Real life SEO at Alamy

Real-Life SEO at Alamy: A look at enterprise SEO and image search

May 31, 2022 - 10  min reading time - by Danielle Escaro
Accueil > SEO Thoughts > Real-Life SEO at Alamy

We spoke with Roxana Stingu, Head of Search and SEO at Alamy, as part of our project to share what Oncrawl users are doing in SEO in their day-to-day jobs.

Watch the full interview or read on for the key moments below.

Roxana Stingu: from link building to technical SEO to image search

“I’ve been in SEO for 15 years. I started in a bit of a weird way. A lot of people kind of fall into SEO, but my first job was actually SEO related.”

Roxana began her career in SEO while still at university in Romania. The opportunity arose when she was approached by a friend offering a well-paid job where she could work from home. From that, Roxana started working as a link builder.

After three years of working U.S. hours from across the globe, she was eager to find a more traditional job and started working for a hosting company called WebFusion.

After a couple of acquisitions, a few promotions and with almost 10 years of experience under her belt, Roxana felt it was time to step out of her comfort zone and so transitioned from Technical SEO Manager at GoDaddy to Head of Search and SEO at Alamy.

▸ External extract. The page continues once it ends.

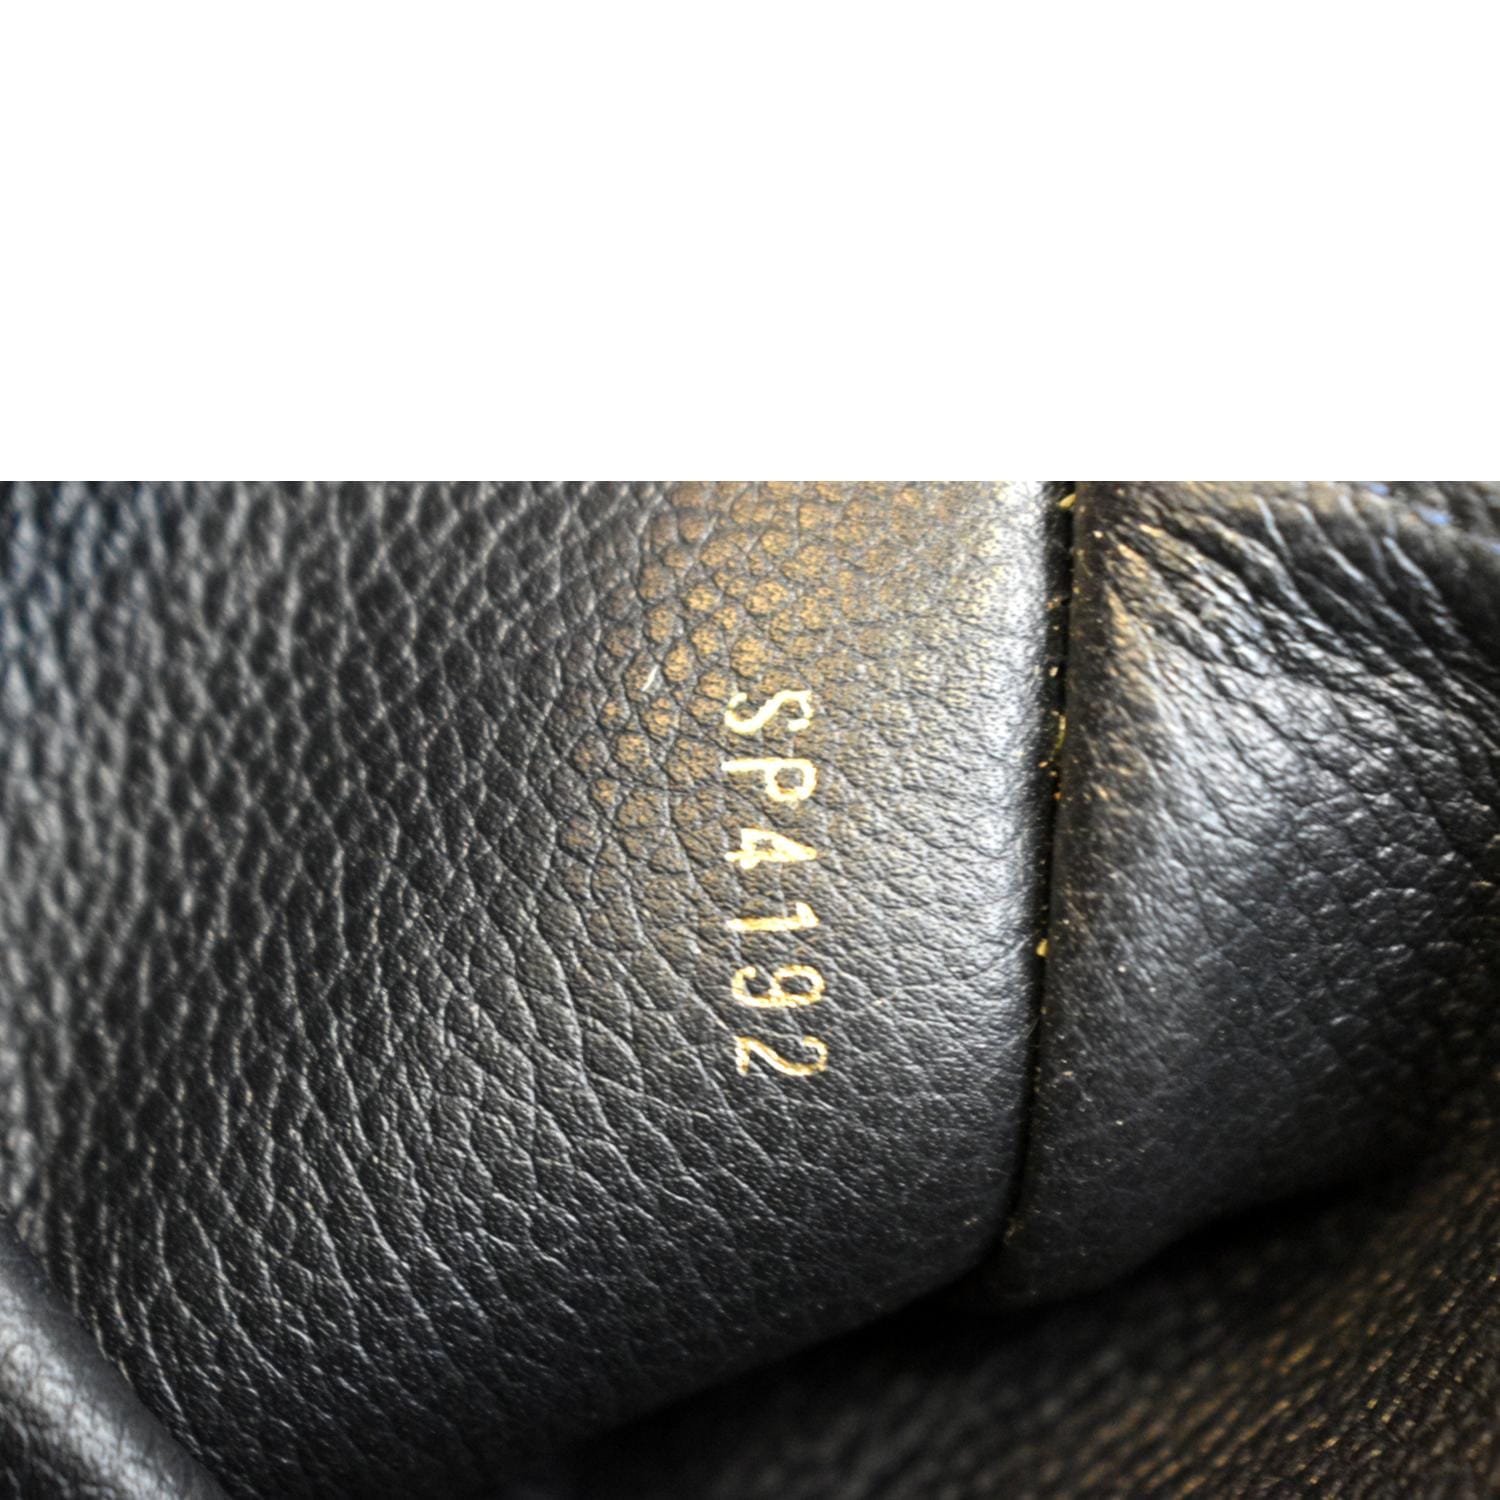 Louis Vuitton Empreinte Zippy Wallet - One Savvy Design Luxury

The appeal of something entirely new

Roxana Stingu Headshot

 

“After 10 years, my work and my position became very comfortable, so I wanted to find a job that was asking for things I’ve never done.”

 

Oncrawl: How did you make the transition from GoDaddy to Alamy?

Roxana: I knew the one thing I knew nothing about was image search, so I applied for that position. I initially thought my first interview would just serve as a test since I hadn’t done one in 10 years. However, during the interview, I found the company and the position so interesting. I wanted the job and they wanted me! So here I am at Alamy and I’ve been here for three years.

Oncrawl: Is there one thing in SEO in particular that you find more interesting?

Roxana: Yes, it is image search specifically. It’s very interesting, but it lacks the information you get with web search normally. With image search, you have a handful of people that are actually interested in image search and they constantly experiment to see how it works, because it’s not as documented as web search. We also lack a lot of data. You can get some image search data from GSC, but other than that, you don’t get any other information related to this type of search.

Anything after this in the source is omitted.